Our network supplier has been experiencing a network issue which is causing packet loss and high latency from certain routes on the internet. This is affecting our hosing platform and connectivity products.
The problem appears to have resolved, although we have not yet received confirmation.
We will update once we have a further information.
The network suppliers have confirmed that the issue is resolved, and will be reporting on the cause.
Our network suppliers have finished investigating the network incident 21/03/2013, and issued a technical report.
The network has been chosen for it’s reliability and performance, and is a highly resilient network with multiple failover systems and multiple paths, so in the event of a router or connection failure, data is immediately redirected over alternate paths with little or no loss of service.
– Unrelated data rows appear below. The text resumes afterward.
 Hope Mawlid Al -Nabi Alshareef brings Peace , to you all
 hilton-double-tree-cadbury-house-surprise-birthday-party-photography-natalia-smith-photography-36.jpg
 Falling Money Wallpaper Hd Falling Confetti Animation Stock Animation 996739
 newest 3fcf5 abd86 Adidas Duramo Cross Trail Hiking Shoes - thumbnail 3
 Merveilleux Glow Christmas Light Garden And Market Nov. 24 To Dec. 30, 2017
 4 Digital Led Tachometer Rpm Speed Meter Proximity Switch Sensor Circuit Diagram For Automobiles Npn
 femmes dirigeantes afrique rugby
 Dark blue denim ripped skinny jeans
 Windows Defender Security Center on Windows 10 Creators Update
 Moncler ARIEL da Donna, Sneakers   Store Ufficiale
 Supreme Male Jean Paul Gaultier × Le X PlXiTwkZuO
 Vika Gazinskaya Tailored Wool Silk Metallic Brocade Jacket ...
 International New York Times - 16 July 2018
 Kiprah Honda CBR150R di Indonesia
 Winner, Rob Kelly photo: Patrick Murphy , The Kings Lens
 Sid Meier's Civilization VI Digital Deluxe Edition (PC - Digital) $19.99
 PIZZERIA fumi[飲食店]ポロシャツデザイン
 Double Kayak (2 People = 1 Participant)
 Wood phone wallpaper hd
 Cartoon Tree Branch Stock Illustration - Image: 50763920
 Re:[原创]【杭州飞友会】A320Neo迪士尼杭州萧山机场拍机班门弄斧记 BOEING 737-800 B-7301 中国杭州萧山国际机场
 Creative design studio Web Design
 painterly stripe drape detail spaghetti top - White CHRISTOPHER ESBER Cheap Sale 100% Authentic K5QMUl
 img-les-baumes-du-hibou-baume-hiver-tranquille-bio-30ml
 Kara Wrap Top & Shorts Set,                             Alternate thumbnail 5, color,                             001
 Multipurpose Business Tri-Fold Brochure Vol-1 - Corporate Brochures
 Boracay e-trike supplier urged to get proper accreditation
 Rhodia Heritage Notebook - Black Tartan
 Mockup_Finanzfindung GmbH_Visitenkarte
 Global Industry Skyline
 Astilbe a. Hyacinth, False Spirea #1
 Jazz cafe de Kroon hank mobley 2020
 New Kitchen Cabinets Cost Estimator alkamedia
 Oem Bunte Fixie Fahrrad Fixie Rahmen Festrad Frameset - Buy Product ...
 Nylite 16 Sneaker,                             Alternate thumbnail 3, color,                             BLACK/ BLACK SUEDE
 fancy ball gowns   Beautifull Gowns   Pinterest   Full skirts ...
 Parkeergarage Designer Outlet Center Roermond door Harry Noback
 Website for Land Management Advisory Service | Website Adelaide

During the incident 21/03 however, the whole network was effectively inaccessible, which should never be the case, and is highly unusual.
The cause of this has been traced by the supplier to human error in the configuration of a device which sent incorrect data to all routers in the whole network. They are putting additional measures in place to prevent a repeat of this issue.
Please accept our apologies for any inconvenience this issue caused.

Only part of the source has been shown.